WORK ORDER —
Of all the lines below, return only those starting with the line holding "Crab Colorful Raised" and going on through the line holding "Casal Gresopio BDSM", exactly as written.

GIVEN RECORDS —
┄┄┄┄┄┄┄┄┄┄┄┄┄┄┄┄┄┄┄┄
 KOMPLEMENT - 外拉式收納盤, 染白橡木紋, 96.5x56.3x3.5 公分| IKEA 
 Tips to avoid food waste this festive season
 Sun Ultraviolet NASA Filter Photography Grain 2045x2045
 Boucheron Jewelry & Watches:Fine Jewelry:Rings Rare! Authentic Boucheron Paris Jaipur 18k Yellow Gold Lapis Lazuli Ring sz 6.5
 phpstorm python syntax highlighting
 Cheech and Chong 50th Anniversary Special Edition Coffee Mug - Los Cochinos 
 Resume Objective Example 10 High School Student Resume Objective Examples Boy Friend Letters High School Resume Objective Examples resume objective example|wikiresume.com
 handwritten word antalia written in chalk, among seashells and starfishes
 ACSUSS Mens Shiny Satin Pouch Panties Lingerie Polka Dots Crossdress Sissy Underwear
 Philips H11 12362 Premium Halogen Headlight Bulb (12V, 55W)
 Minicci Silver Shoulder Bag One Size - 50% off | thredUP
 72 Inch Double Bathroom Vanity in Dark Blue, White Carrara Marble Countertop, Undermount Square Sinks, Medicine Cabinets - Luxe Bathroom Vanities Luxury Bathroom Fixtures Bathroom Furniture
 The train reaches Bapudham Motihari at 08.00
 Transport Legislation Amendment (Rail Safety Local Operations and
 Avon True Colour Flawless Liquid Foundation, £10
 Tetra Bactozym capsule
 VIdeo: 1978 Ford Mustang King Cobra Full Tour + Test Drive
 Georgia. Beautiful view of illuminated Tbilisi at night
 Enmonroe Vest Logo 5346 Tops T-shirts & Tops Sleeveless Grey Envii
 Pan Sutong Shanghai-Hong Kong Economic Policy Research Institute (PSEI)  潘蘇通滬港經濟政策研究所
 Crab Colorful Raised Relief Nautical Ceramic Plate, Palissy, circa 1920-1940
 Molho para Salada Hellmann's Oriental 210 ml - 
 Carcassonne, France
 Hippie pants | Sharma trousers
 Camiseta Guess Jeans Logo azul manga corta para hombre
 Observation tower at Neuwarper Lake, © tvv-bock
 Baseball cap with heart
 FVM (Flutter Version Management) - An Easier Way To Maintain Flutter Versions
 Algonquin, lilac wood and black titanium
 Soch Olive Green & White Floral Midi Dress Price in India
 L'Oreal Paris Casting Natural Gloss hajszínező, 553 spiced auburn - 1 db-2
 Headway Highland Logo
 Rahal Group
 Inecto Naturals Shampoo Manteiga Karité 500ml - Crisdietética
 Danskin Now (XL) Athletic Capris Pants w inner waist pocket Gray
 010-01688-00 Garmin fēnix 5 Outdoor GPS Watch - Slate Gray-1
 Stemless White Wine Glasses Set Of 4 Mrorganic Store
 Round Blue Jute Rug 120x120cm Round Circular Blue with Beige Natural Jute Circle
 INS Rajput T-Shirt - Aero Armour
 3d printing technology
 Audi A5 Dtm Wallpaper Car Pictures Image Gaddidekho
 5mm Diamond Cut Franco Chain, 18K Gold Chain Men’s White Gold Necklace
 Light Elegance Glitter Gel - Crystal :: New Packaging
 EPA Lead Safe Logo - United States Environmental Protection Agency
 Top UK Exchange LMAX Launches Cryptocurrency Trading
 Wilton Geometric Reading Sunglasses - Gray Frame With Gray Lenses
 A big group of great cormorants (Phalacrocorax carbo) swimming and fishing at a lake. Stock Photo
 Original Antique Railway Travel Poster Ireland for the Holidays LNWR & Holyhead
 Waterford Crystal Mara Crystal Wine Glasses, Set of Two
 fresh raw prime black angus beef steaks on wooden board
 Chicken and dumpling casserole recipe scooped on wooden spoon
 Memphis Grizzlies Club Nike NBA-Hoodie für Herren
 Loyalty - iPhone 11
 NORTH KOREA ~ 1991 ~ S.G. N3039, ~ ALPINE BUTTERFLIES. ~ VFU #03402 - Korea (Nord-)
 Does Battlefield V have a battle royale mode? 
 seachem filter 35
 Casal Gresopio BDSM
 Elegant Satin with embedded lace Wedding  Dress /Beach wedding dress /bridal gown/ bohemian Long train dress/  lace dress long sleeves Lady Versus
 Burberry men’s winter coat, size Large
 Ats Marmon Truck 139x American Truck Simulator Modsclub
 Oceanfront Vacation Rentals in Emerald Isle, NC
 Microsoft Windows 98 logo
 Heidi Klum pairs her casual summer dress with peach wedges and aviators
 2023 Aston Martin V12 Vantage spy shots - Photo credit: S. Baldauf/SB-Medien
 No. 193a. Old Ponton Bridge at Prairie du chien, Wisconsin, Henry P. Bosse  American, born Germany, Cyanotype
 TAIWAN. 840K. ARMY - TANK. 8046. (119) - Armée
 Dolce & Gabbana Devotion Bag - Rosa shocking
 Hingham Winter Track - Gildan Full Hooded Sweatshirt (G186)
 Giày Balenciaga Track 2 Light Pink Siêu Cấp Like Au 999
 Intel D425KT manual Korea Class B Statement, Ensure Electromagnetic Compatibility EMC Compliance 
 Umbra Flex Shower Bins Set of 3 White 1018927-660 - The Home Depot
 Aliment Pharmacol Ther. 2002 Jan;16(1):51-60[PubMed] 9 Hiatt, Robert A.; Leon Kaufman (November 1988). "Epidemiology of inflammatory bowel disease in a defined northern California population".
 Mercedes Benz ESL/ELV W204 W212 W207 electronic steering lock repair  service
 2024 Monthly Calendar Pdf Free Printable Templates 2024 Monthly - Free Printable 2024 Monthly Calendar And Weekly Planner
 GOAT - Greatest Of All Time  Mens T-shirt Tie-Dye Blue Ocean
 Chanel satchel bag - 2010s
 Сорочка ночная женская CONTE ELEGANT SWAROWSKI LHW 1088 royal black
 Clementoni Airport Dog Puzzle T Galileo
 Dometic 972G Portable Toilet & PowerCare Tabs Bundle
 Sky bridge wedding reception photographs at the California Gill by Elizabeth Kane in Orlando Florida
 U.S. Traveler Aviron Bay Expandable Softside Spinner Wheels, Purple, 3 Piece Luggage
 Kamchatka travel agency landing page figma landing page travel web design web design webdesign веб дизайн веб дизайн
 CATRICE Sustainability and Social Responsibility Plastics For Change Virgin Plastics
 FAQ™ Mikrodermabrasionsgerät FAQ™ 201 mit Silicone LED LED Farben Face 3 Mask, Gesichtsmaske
┄┄┄┄┄┄┄┄┄┄┄┄┄┄┄┄┄┄┄┄
REPLY —
 Crab Colorful Raised Relief Nautical Ceramic Plate, Palissy, circa 1920-1940
 Molho para Salada Hellmann's Oriental 210 ml - 
 Carcassonne, France
 Hippie pants | Sharma trousers
 Camiseta Guess Jeans Logo azul manga corta para hombre
 Observation tower at Neuwarper Lake, © tvv-bock
 Baseball cap with heart
 FVM (Flutter Version Management) - An Easier Way To Maintain Flutter Versions
 Algonquin, lilac wood and black titanium
 Soch Olive Green & White Floral Midi Dress Price in India
 L'Oreal Paris Casting Natural Gloss hajszínező, 553 spiced auburn - 1 db-2
 Headway Highland Logo
 Rahal Group
 Inecto Naturals Shampoo Manteiga Karité 500ml - Crisdietética
 Danskin Now (XL) Athletic Capris Pants w inner waist pocket Gray
 010-01688-00 Garmin fēnix 5 Outdoor GPS Watch - Slate Gray-1
 Stemless White Wine Glasses Set Of 4 Mrorganic Store
 Round Blue Jute Rug 120x120cm Round Circular Blue with Beige Natural Jute Circle
 INS Rajput T-Shirt - Aero Armour
 3d printing technology
 Audi A5 Dtm Wallpaper Car Pictures Image Gaddidekho
 5mm Diamond Cut Franco Chain, 18K Gold Chain Men’s White Gold Necklace
 Light Elegance Glitter Gel - Crystal :: New Packaging
 EPA Lead Safe Logo - United States Environmental Protection Agency
 Top UK Exchange LMAX Launches Cryptocurrency Trading
 Wilton Geometric Reading Sunglasses - Gray Frame With Gray Lenses
 A big group of great cormorants (Phalacrocorax carbo) swimming and fishing at a lake. Stock Photo
 Original Antique Railway Travel Poster Ireland for the Holidays LNWR & Holyhead
 Waterford Crystal Mara Crystal Wine Glasses, Set of Two
 fresh raw prime black angus beef steaks on wooden board
 Chicken and dumpling casserole recipe scooped on wooden spoon
 Memphis Grizzlies Club Nike NBA-Hoodie für Herren
 Loyalty - iPhone 11
 NORTH KOREA ~ 1991 ~ S.G. N3039, ~ ALPINE BUTTERFLIES. ~ VFU #03402 - Korea (Nord-)
 Does Battlefield V have a battle royale mode? 
 seachem filter 35
 Casal Gresopio BDSM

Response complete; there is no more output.